* TO DO
Print all the entries verbatim.

* PROVIDED RECORDS

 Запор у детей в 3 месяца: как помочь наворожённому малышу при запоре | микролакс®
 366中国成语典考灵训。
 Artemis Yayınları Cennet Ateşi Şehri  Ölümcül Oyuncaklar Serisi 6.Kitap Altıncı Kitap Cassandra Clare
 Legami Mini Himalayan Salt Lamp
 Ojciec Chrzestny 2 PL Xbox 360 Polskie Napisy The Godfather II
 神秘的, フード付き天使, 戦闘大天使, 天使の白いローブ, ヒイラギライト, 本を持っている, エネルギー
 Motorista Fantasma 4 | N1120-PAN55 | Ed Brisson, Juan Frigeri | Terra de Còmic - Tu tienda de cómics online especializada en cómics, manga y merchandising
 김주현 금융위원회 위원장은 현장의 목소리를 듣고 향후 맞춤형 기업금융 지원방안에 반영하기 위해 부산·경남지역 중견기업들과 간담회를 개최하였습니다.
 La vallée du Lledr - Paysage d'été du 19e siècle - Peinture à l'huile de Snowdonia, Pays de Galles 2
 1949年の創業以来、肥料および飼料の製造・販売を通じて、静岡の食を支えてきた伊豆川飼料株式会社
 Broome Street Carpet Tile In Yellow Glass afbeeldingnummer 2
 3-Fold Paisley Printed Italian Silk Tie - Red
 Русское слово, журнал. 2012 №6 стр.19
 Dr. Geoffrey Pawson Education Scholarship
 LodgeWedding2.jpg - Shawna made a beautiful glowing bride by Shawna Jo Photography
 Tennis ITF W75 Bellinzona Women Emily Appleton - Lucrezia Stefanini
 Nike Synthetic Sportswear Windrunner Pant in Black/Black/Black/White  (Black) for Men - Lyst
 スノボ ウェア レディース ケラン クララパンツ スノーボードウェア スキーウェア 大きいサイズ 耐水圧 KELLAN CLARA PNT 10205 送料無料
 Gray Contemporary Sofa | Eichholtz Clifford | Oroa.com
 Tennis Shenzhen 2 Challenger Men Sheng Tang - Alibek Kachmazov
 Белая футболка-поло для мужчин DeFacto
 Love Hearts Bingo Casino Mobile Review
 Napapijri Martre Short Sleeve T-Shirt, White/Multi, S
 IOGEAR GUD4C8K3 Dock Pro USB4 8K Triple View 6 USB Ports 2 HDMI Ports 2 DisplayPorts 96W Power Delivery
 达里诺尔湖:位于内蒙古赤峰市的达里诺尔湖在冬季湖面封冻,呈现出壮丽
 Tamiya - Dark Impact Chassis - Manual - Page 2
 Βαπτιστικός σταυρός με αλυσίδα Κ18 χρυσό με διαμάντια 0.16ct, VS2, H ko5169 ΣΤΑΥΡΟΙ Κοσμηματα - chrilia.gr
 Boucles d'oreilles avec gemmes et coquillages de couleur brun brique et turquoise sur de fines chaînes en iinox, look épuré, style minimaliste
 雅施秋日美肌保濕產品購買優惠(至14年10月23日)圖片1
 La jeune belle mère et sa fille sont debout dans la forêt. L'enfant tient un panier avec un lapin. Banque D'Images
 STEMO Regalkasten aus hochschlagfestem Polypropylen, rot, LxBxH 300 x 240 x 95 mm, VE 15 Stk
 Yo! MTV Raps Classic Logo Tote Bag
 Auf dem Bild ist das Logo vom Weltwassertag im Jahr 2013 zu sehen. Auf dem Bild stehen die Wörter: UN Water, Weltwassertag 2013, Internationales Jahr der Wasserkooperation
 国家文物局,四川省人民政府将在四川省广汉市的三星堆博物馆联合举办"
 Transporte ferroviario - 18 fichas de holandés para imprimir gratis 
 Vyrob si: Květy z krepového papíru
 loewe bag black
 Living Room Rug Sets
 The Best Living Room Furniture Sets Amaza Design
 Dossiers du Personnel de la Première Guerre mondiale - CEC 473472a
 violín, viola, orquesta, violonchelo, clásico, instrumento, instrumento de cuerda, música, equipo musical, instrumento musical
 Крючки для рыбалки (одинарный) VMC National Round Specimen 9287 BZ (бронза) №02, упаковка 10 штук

* ANSWER AREA
 Запор у детей в 3 месяца: как помочь наворожённому малышу при запоре | микролакс®
 366中国成语典考灵训。
 Artemis Yayınları Cennet Ateşi Şehri  Ölümcül Oyuncaklar Serisi 6.Kitap Altıncı Kitap Cassandra Clare
 Legami Mini Himalayan Salt Lamp
 Ojciec Chrzestny 2 PL Xbox 360 Polskie Napisy The Godfather II
 神秘的, フード付き天使, 戦闘大天使, 天使の白いローブ, ヒイラギライト, 本を持っている, エネルギー
 Motorista Fantasma 4 | N1120-PAN55 | Ed Brisson, Juan Frigeri | Terra de Còmic - Tu tienda de cómics online especializada en cómics, manga y merchandising
 김주현 금융위원회 위원장은 현장의 목소리를 듣고 향후 맞춤형 기업금융 지원방안에 반영하기 위해 부산·경남지역 중견기업들과 간담회를 개최하였습니다.
 La vallée du Lledr - Paysage d'été du 19e siècle - Peinture à l'huile de Snowdonia, Pays de Galles 2
 1949年の創業以来、肥料および飼料の製造・販売を通じて、静岡の食を支えてきた伊豆川飼料株式会社
 Broome Street Carpet Tile In Yellow Glass afbeeldingnummer 2
 3-Fold Paisley Printed Italian Silk Tie - Red
 Русское слово, журнал. 2012 №6 стр.19
 Dr. Geoffrey Pawson Education Scholarship
 LodgeWedding2.jpg - Shawna made a beautiful glowing bride by Shawna Jo Photography
 Tennis ITF W75 Bellinzona Women Emily Appleton - Lucrezia Stefanini
 Nike Synthetic Sportswear Windrunner Pant in Black/Black/Black/White  (Black) for Men - Lyst
 スノボ ウェア レディース ケラン クララパンツ スノーボードウェア スキーウェア 大きいサイズ 耐水圧 KELLAN CLARA PNT 10205 送料無料
 Gray Contemporary Sofa | Eichholtz Clifford | Oroa.com
 Tennis Shenzhen 2 Challenger Men Sheng Tang - Alibek Kachmazov
 Белая футболка-поло для мужчин DeFacto
 Love Hearts Bingo Casino Mobile Review
 Napapijri Martre Short Sleeve T-Shirt, White/Multi, S
 IOGEAR GUD4C8K3 Dock Pro USB4 8K Triple View 6 USB Ports 2 HDMI Ports 2 DisplayPorts 96W Power Delivery
 达里诺尔湖:位于内蒙古赤峰市的达里诺尔湖在冬季湖面封冻,呈现出壮丽
 Tamiya - Dark Impact Chassis - Manual - Page 2
 Βαπτιστικός σταυρός με αλυσίδα Κ18 χρυσό με διαμάντια 0.16ct, VS2, H ko5169 ΣΤΑΥΡΟΙ Κοσμηματα - chrilia.gr
 Boucles d'oreilles avec gemmes et coquillages de couleur brun brique et turquoise sur de fines chaînes en iinox, look épuré, style minimaliste
 雅施秋日美肌保濕產品購買優惠(至14年10月23日)圖片1
 La jeune belle mère et sa fille sont debout dans la forêt. L'enfant tient un panier avec un lapin. Banque D'Images
 STEMO Regalkasten aus hochschlagfestem Polypropylen, rot, LxBxH 300 x 240 x 95 mm, VE 15 Stk
 Yo! MTV Raps Classic Logo Tote Bag
 Auf dem Bild ist das Logo vom Weltwassertag im Jahr 2013 zu sehen. Auf dem Bild stehen die Wörter: UN Water, Weltwassertag 2013, Internationales Jahr der Wasserkooperation
 国家文物局,四川省人民政府将在四川省广汉市的三星堆博物馆联合举办"
 Transporte ferroviario - 18 fichas de holandés para imprimir gratis 
 Vyrob si: Květy z krepového papíru
 loewe bag black
 Living Room Rug Sets
 The Best Living Room Furniture Sets Amaza Design
 Dossiers du Personnel de la Première Guerre mondiale - CEC 473472a
 violín, viola, orquesta, violonchelo, clásico, instrumento, instrumento de cuerda, música, equipo musical, instrumento musical
 Крючки для рыбалки (одинарный) VMC National Round Specimen 9287 BZ (бронза) №02, упаковка 10 штук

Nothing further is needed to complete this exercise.